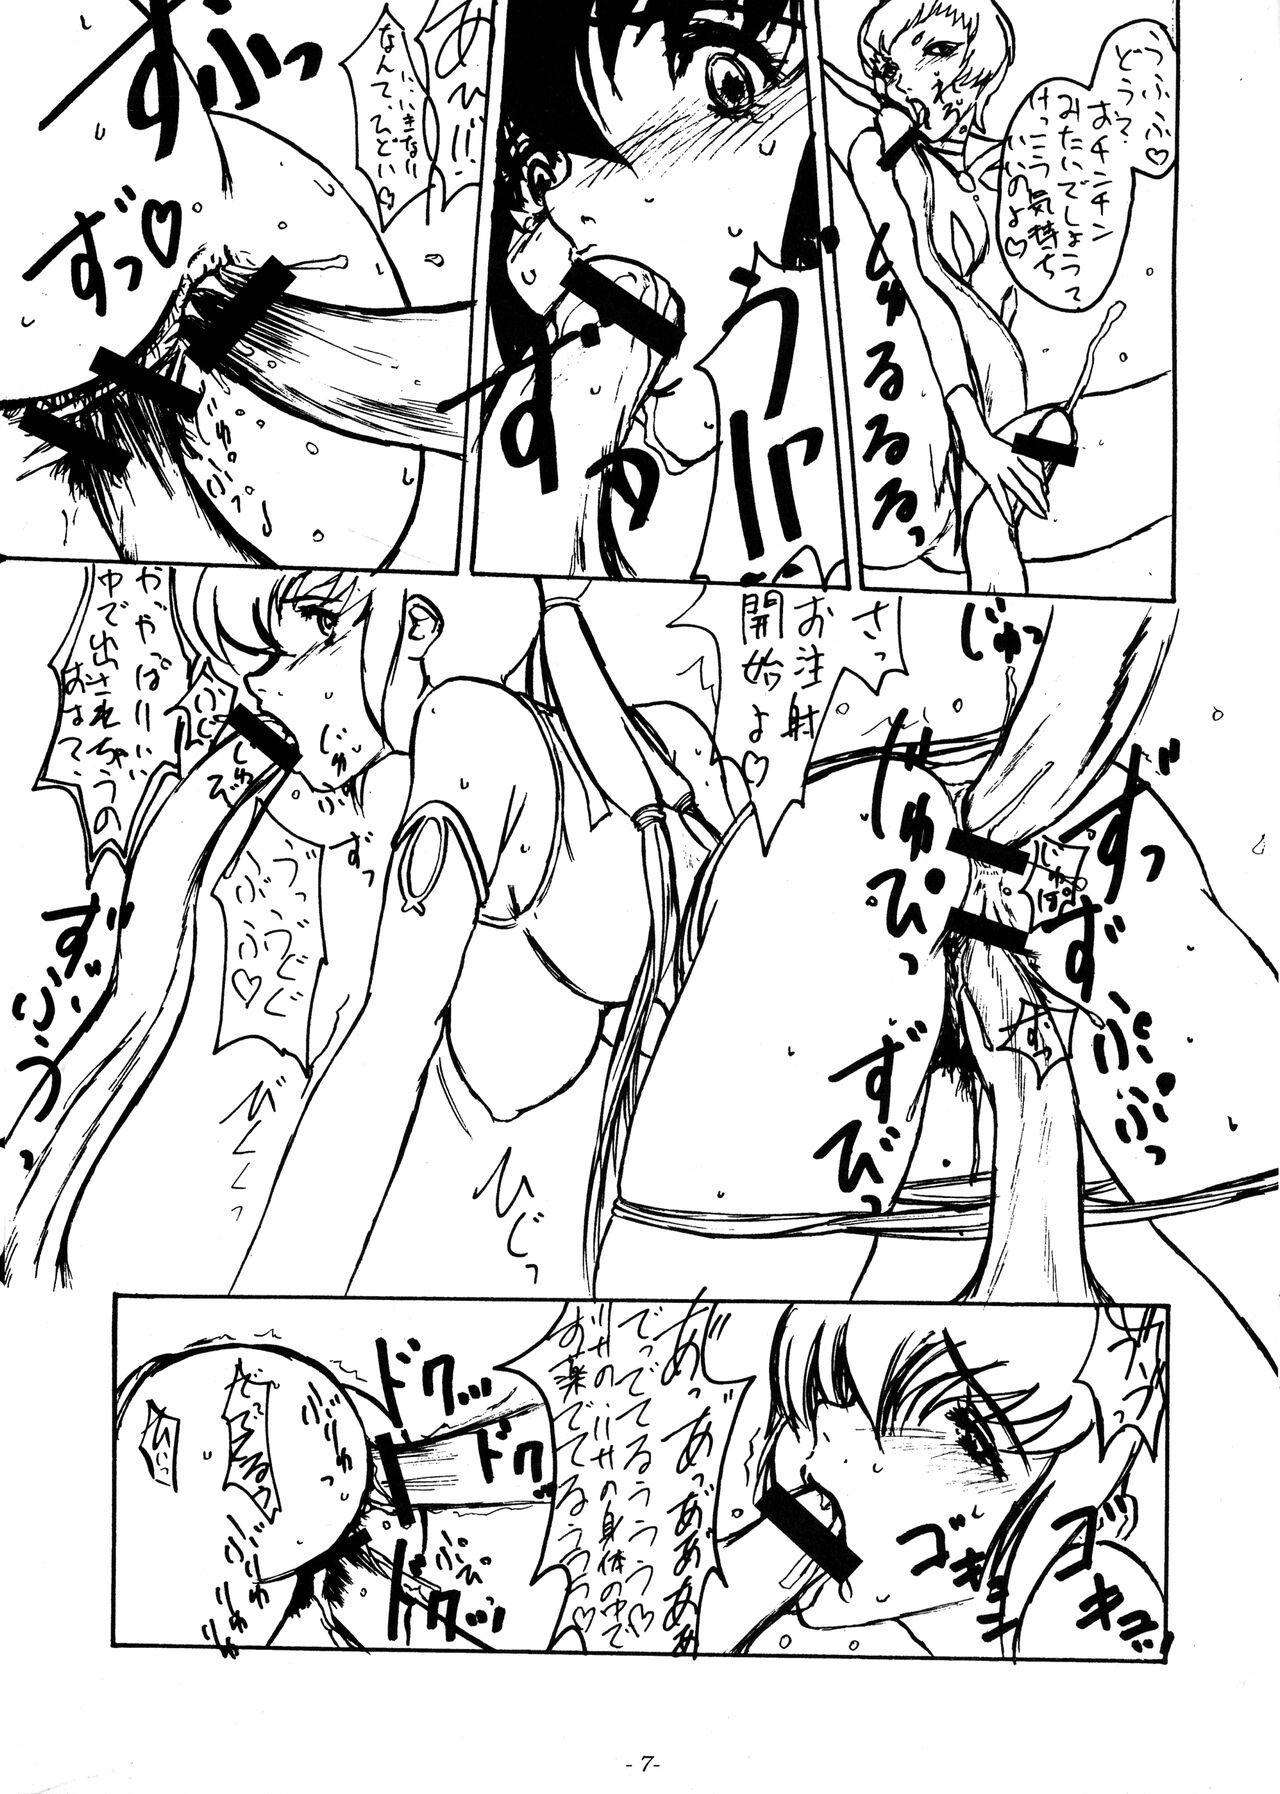 This Mieru? Kono watashi no koumon ni iyarashiku kui komu FUNDOSHI Sixtynine - Page 9
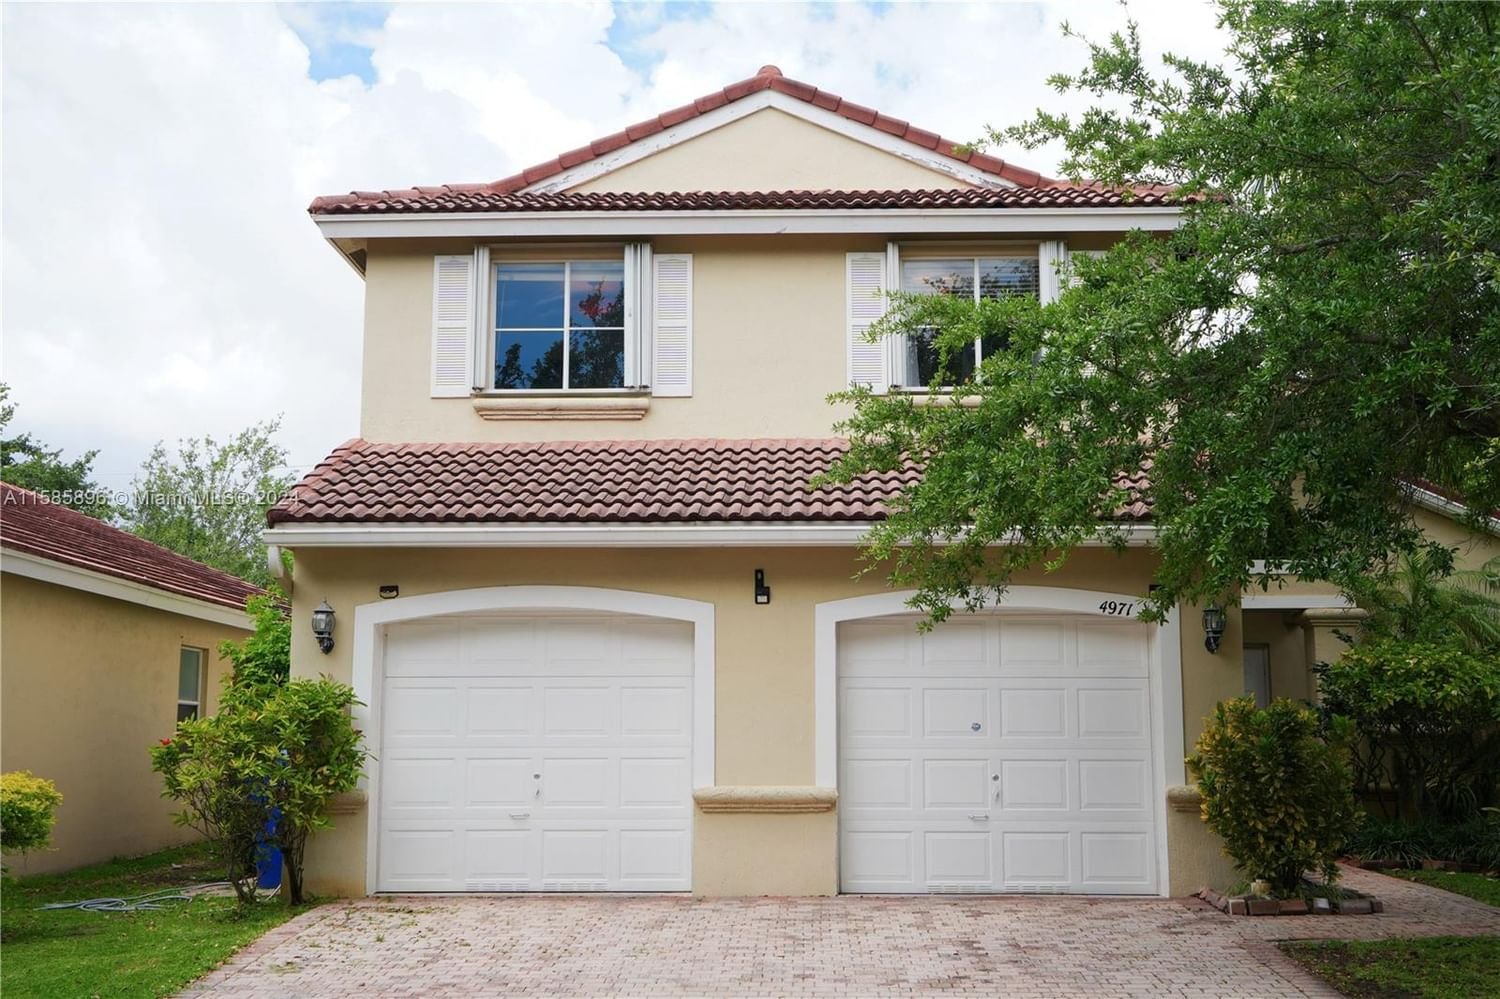 Real estate property located at 4971 34th Ter, Broward County, BANYAN OAKRIDGE PLAT, Hollywood, FL
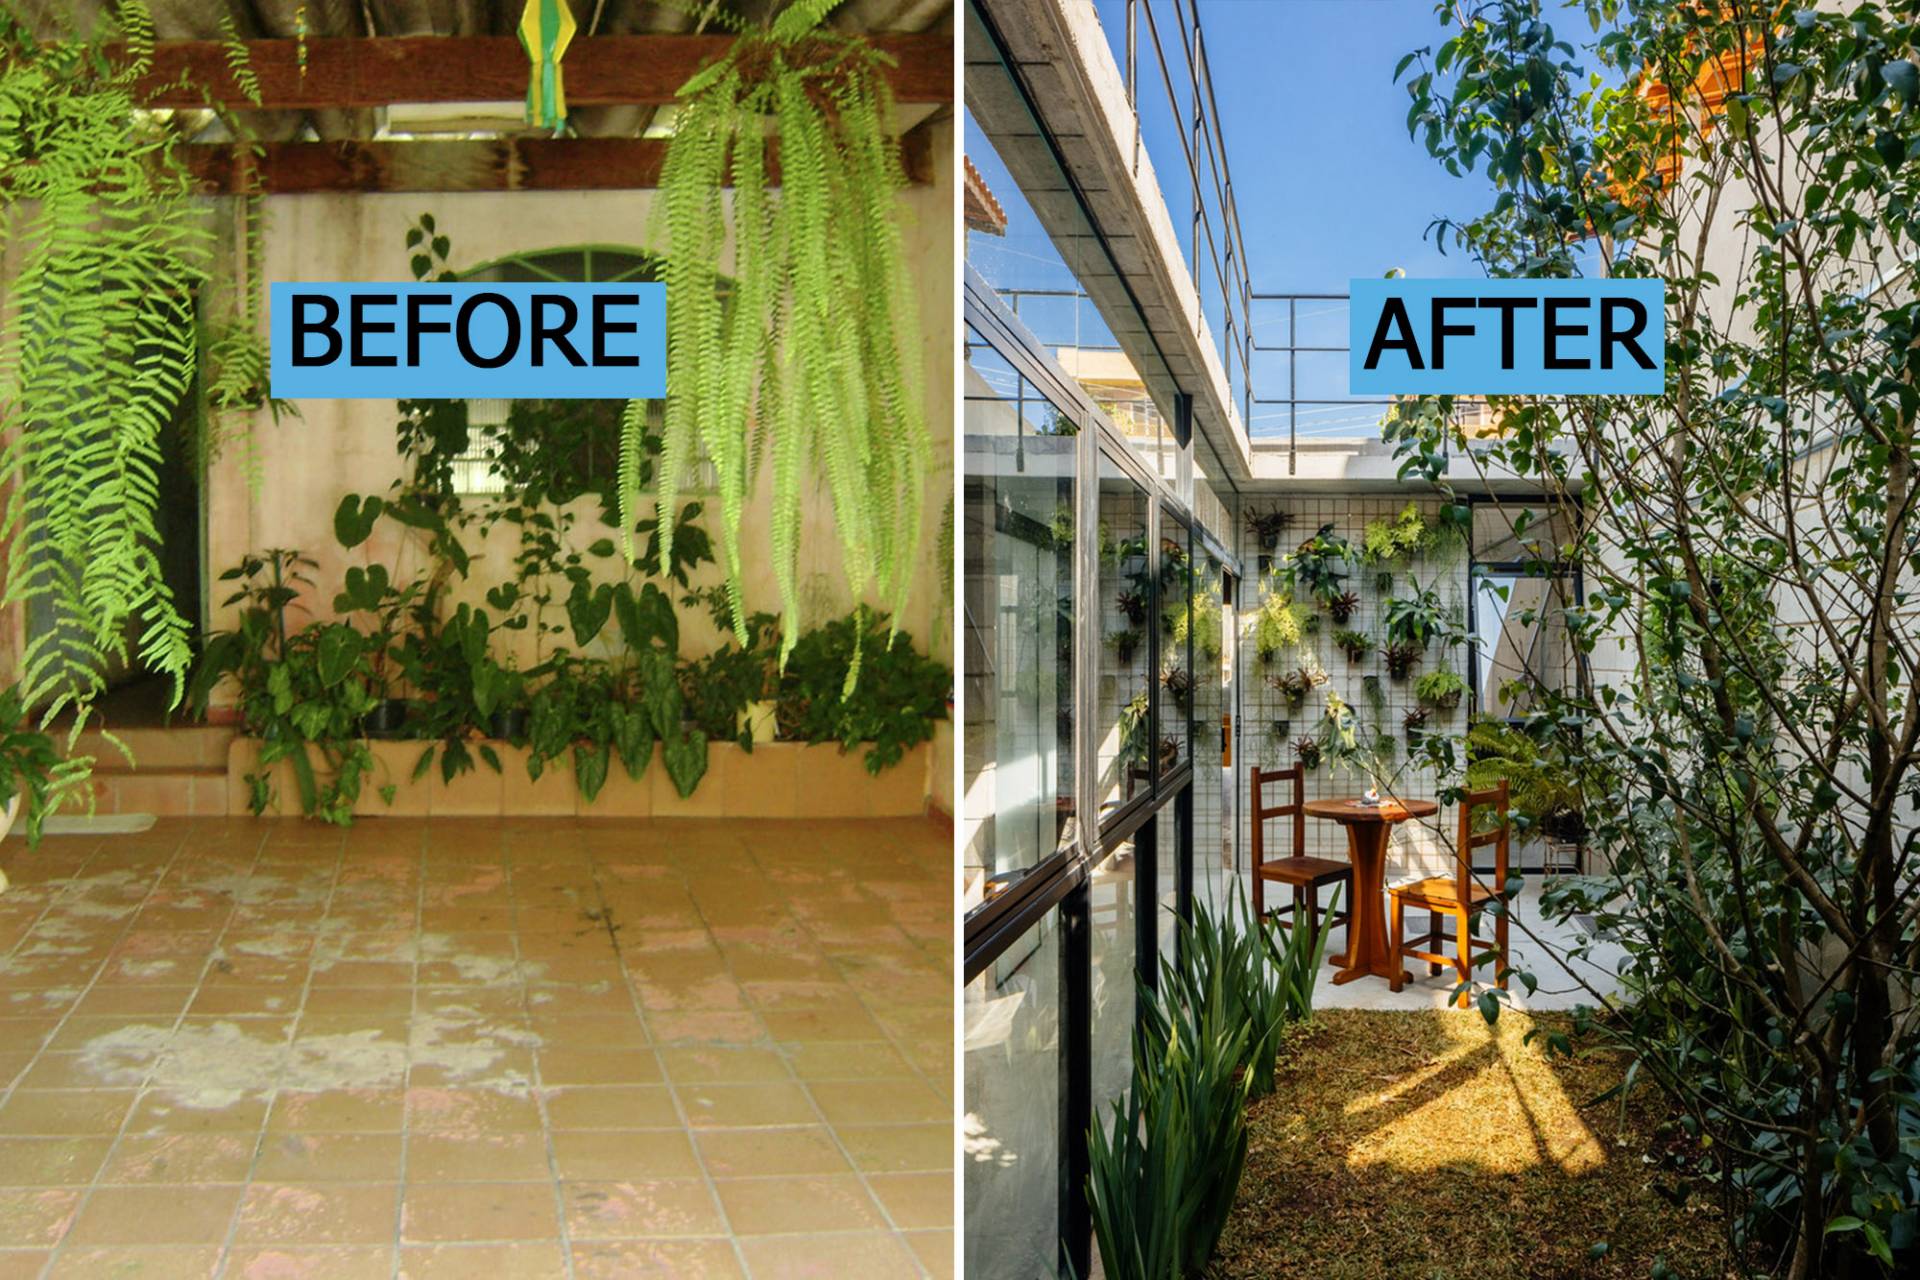 Before - After: Nhà cấp 4 xuống cấp nghiêm trọng bỗng hóa tổ ấm sáng bừng với khoảng vườn bên hông như vỗ về xúc cảm

» **TRY IT**
Your answer should consist solely of the lines from the one holding "Real estate property" through the end of the listing, reproduced exactly and without pictures.

» **ANSWER BOX**
 Real estate property located at 4971 34th Ter, Broward County, BANYAN OAKRIDGE PLAT, Hollywood, FL
 Before - After: Nhà cấp 4 xuống cấp nghiêm trọng bỗng hóa tổ ấm sáng bừng với khoảng vườn bên hông như vỗ về xúc cảm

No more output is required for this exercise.